**WORKING DATA:**
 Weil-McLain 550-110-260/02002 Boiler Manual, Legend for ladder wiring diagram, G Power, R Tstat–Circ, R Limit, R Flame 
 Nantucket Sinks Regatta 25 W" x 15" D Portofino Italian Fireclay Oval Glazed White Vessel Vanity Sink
==
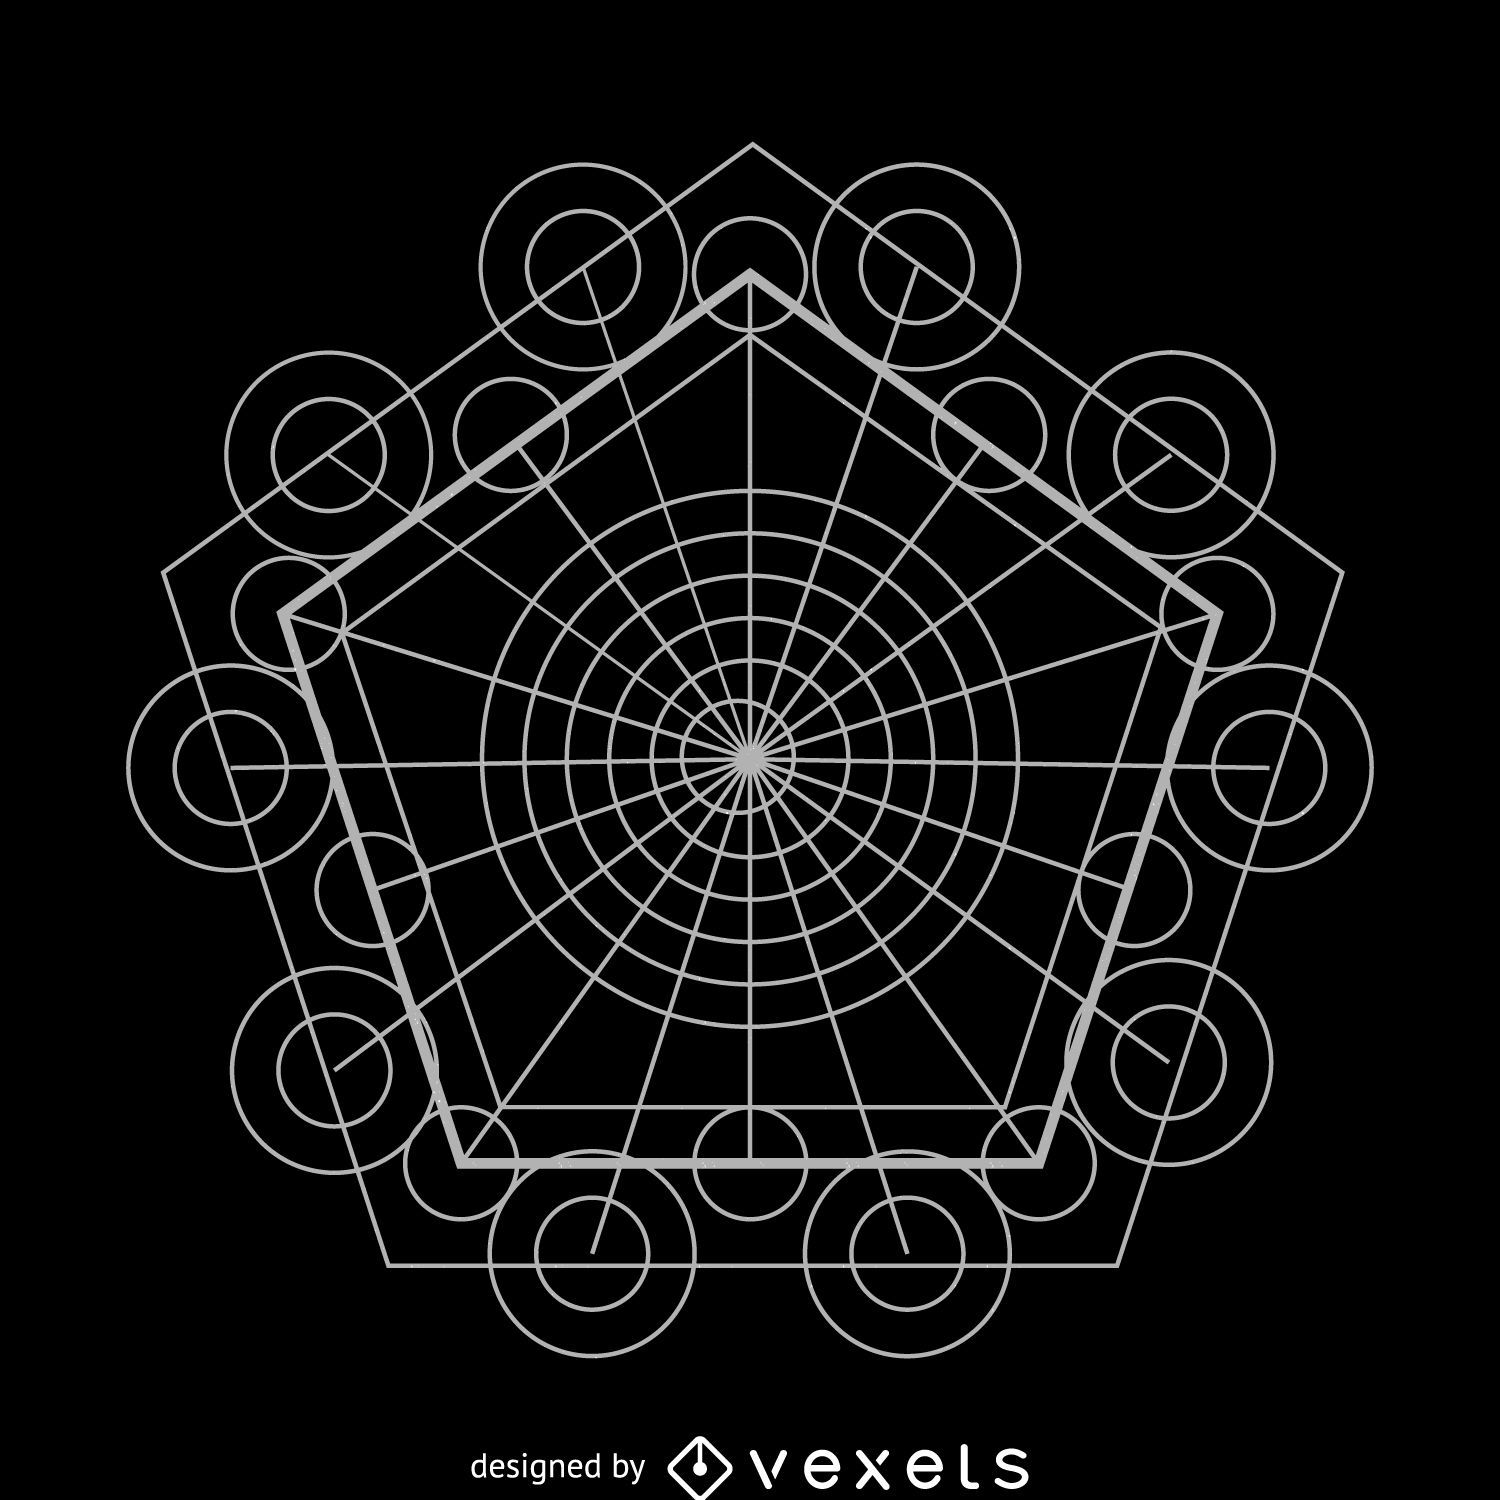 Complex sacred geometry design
* * *
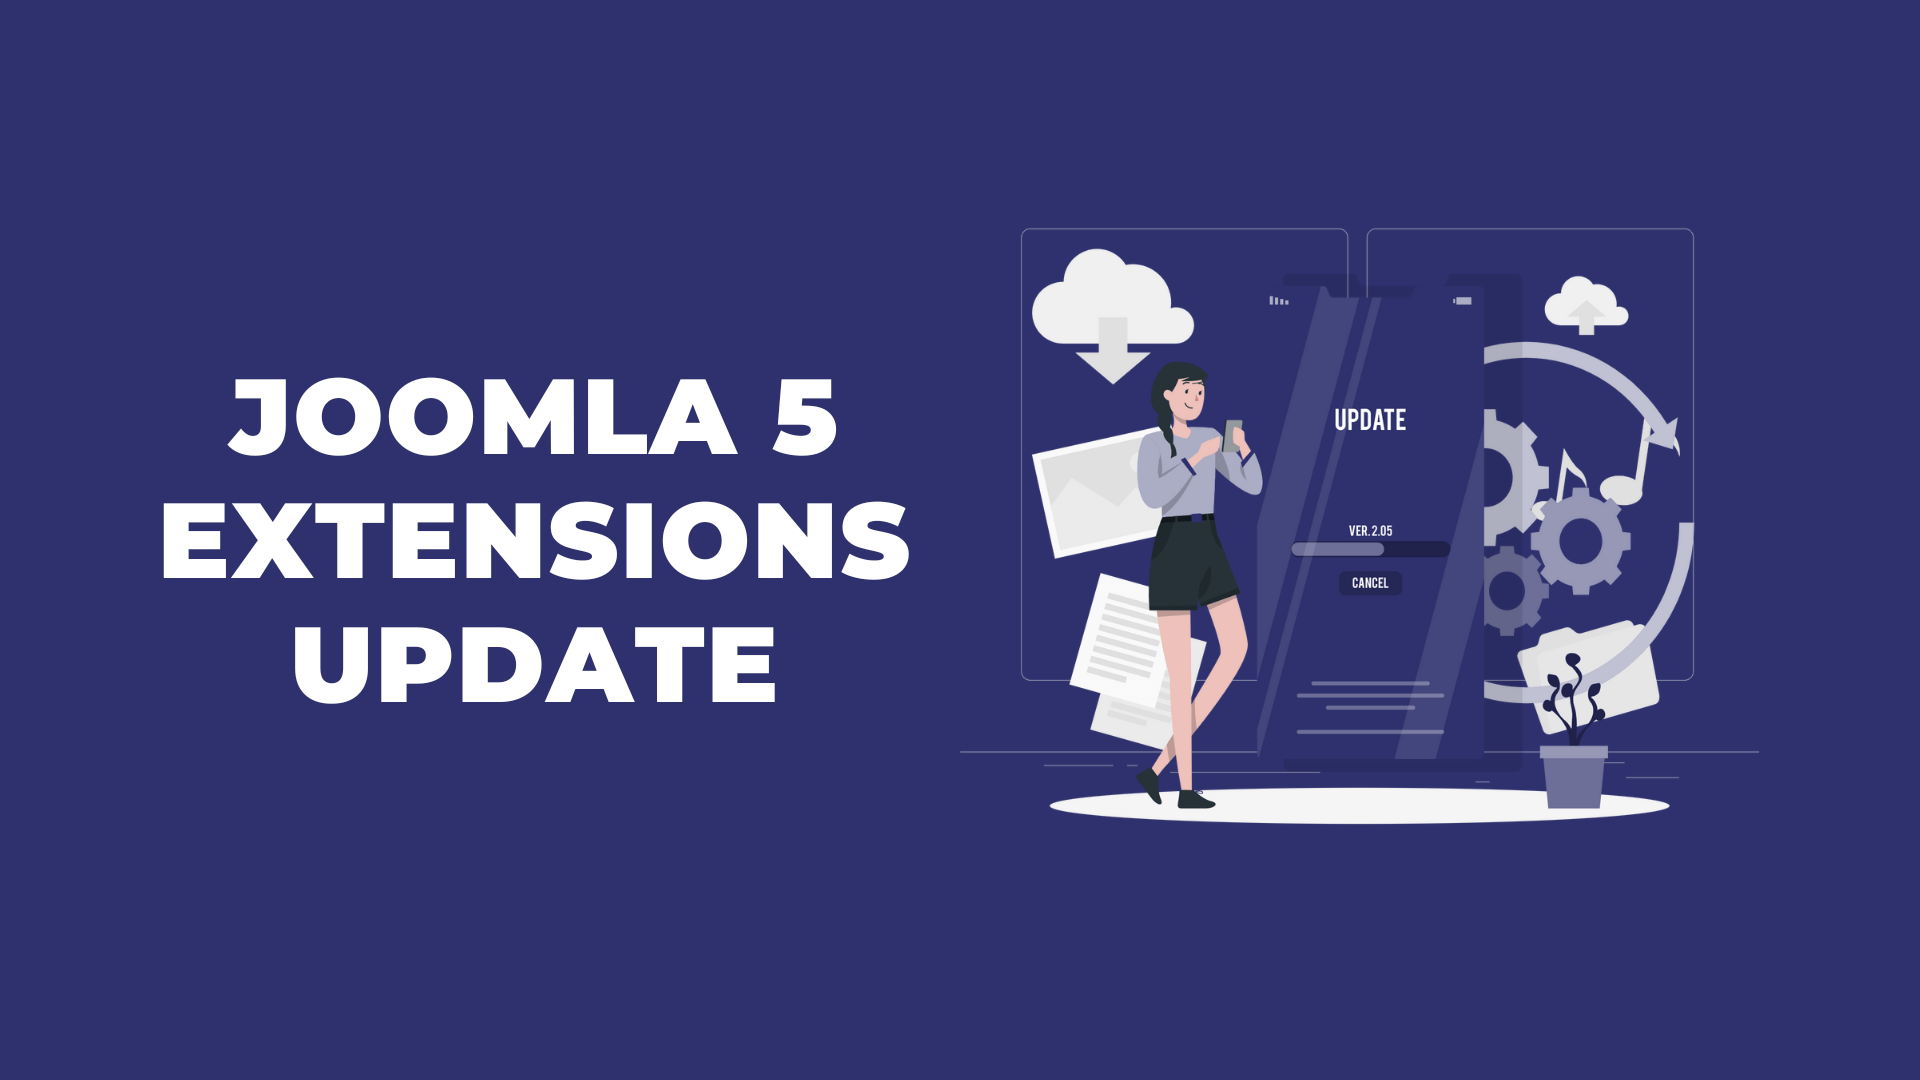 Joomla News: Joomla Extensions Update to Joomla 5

**TASK TO COMPLETE:**
Out of the listing above, reproduce exactly the lines from the one with "Weil-McLain 550-110-260/02002 Boiler" up to and including the one with "Nantucket Sinks Regatta".

**ANSWER SPACE:**
 Weil-McLain 550-110-260/02002 Boiler Manual, Legend for ladder wiring diagram, G Power, R Tstat–Circ, R Limit, R Flame 
 Nantucket Sinks Regatta 25 W" x 15" D Portofino Italian Fireclay Oval Glazed White Vessel Vanity Sink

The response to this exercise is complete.